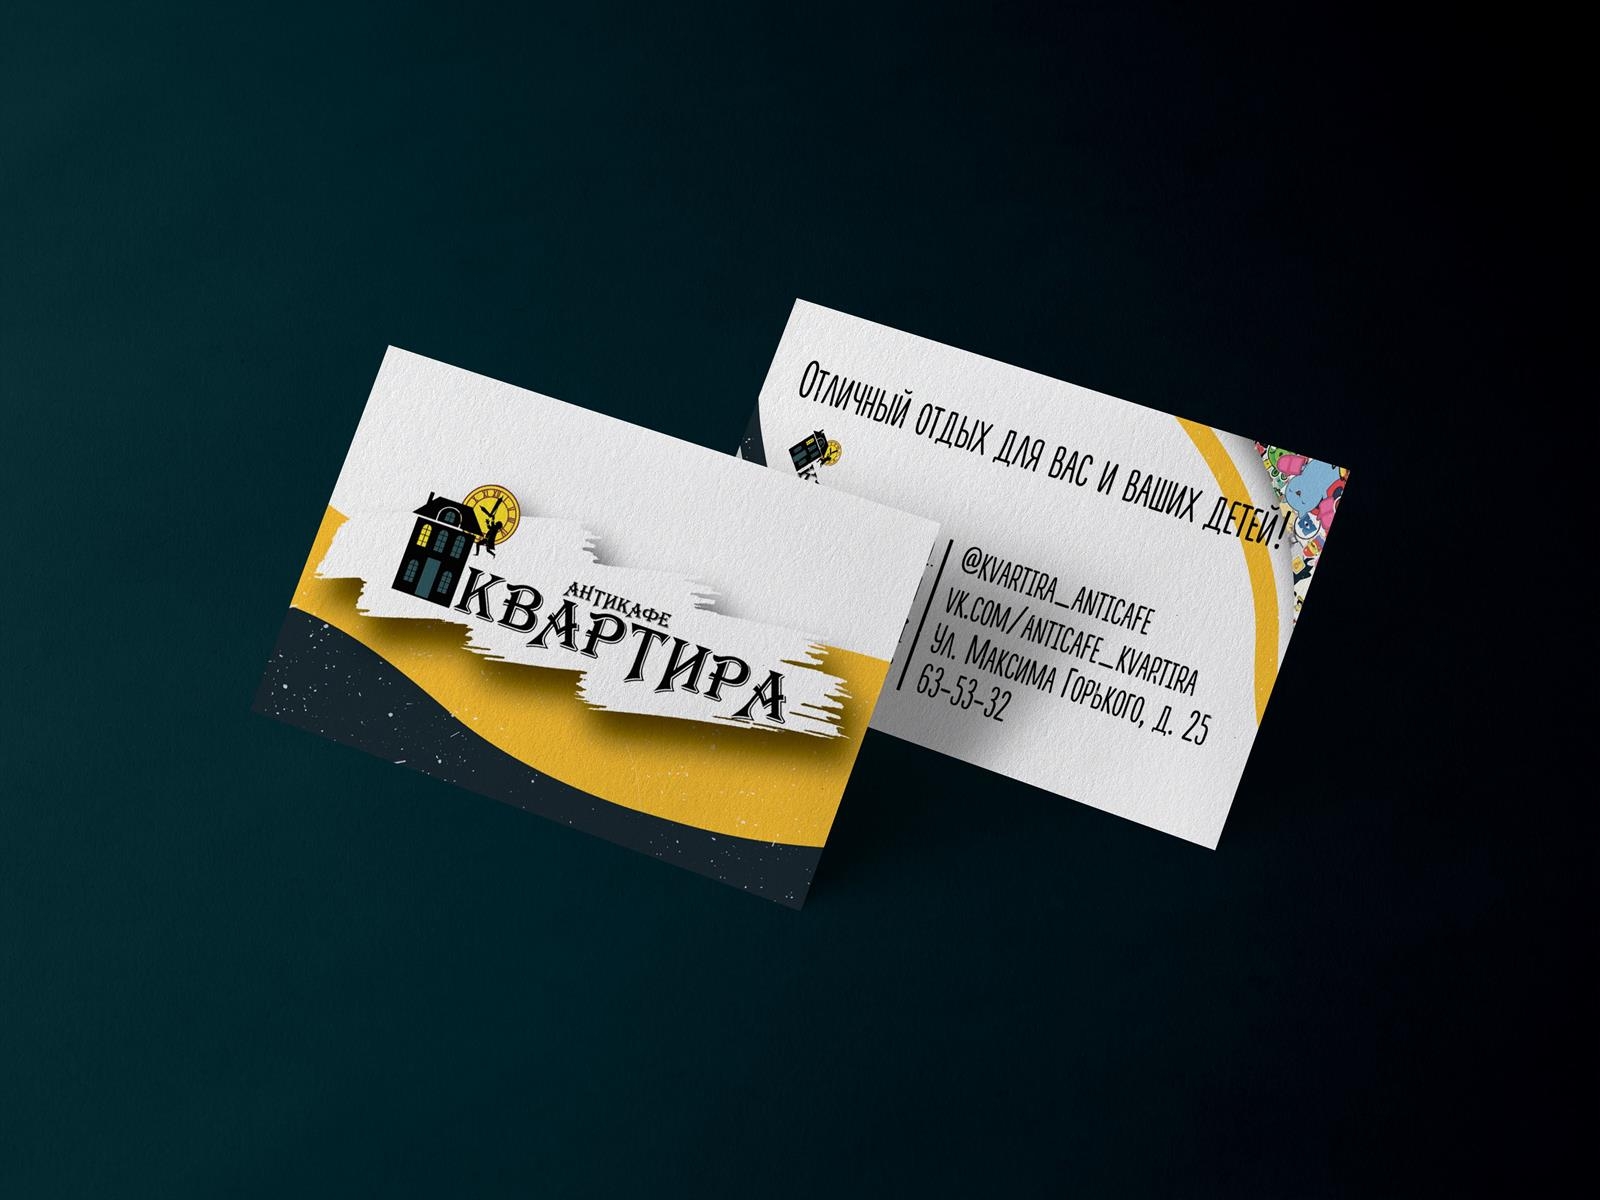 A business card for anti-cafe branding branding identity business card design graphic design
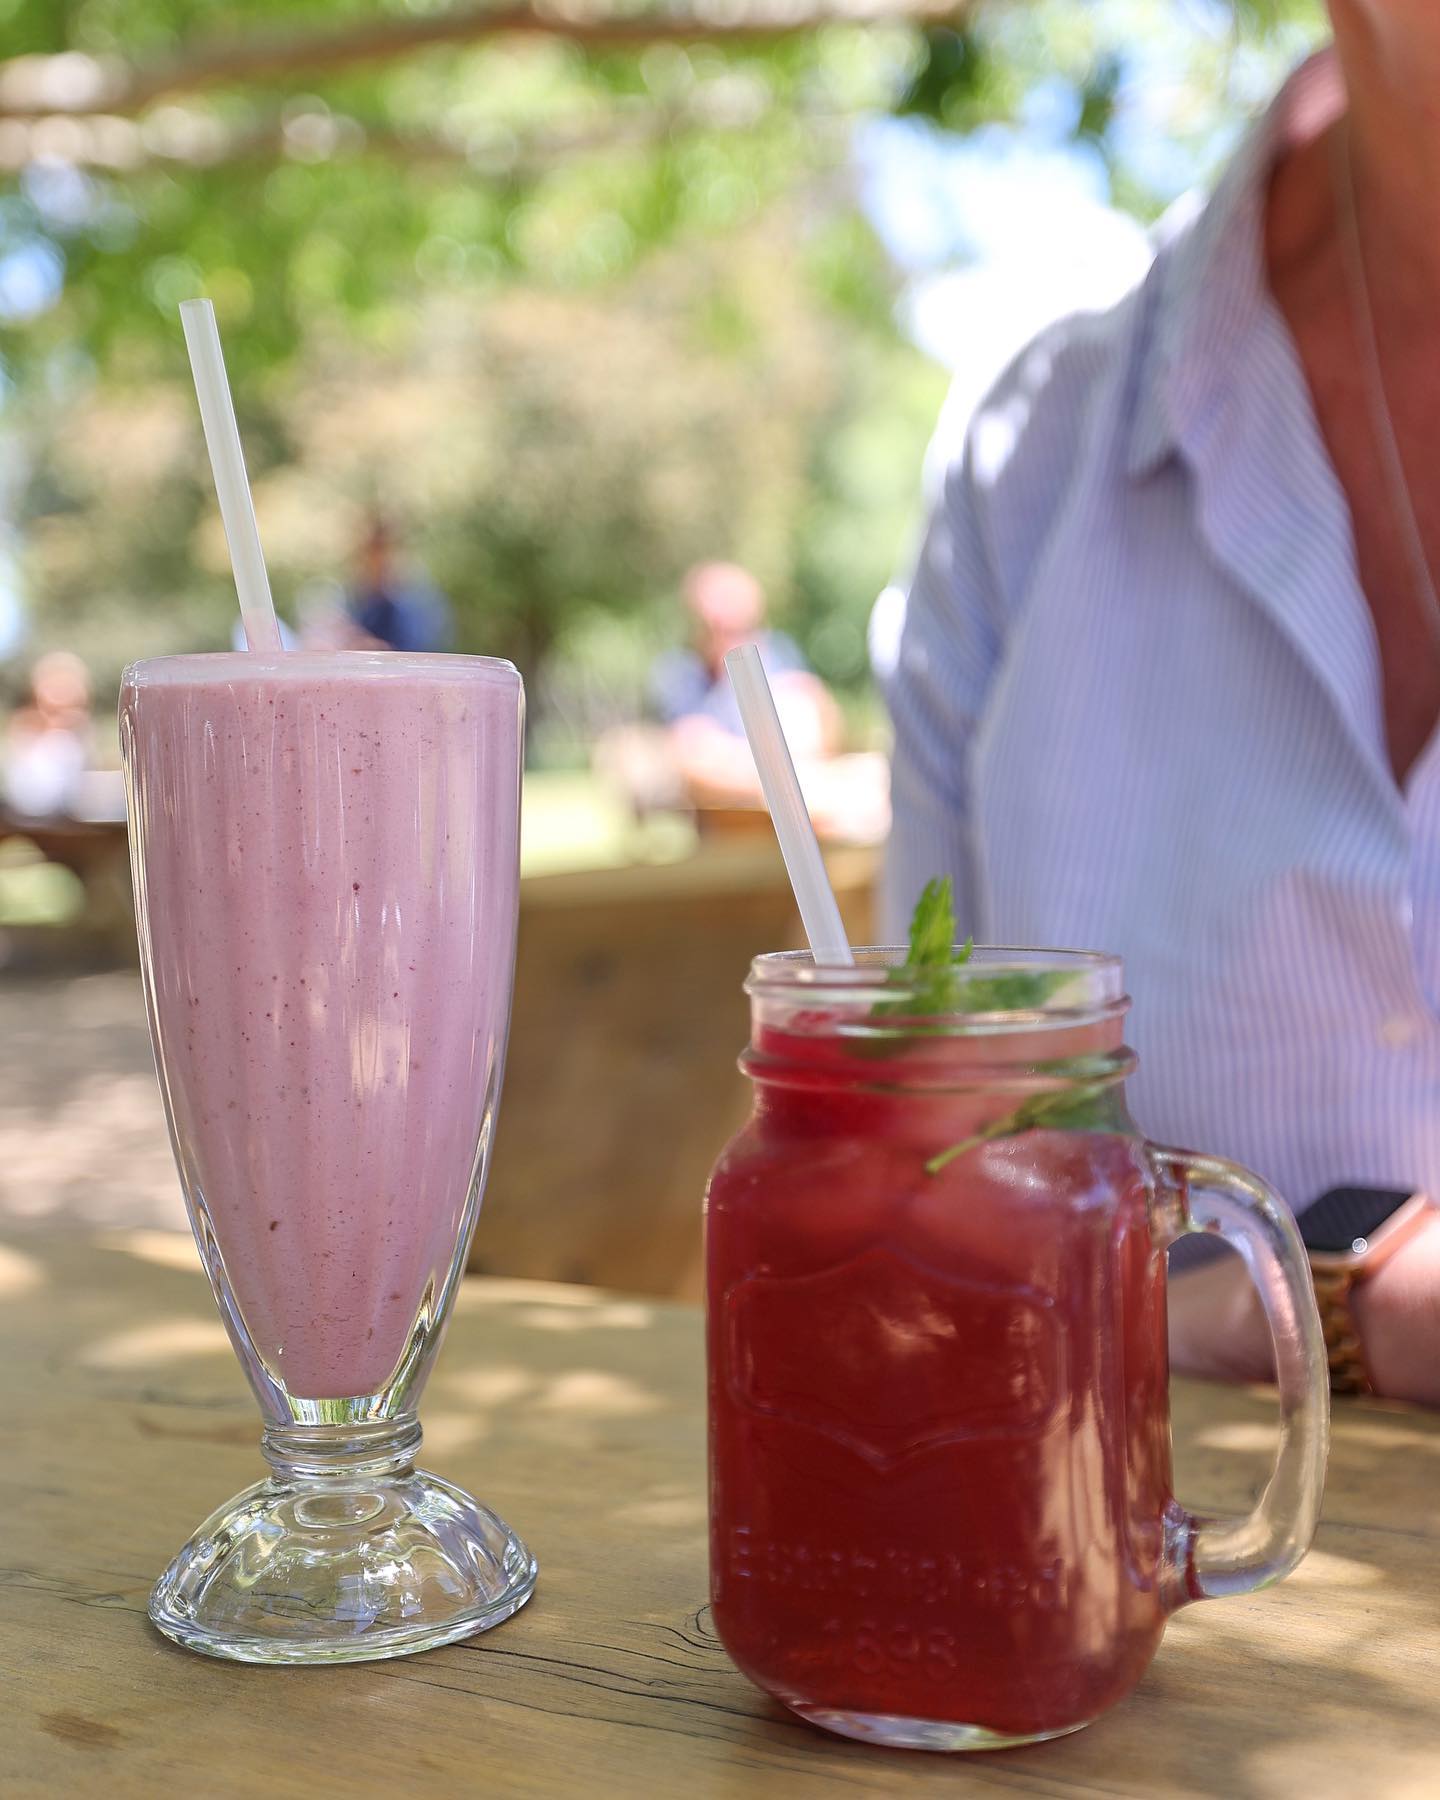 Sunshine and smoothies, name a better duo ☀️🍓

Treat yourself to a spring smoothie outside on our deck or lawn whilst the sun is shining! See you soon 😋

**Task objective:** The data is to be returned exactly as it stands, pictures aside.

**Answer to this problem:**
 A business card for anti-cafe branding branding identity business card design graphic design
 Sunshine and smoothies, name a better duo ☀️🍓

Treat yourself to a spring smoothie outside on our deck or lawn whilst the sun is shining! See you soon 😋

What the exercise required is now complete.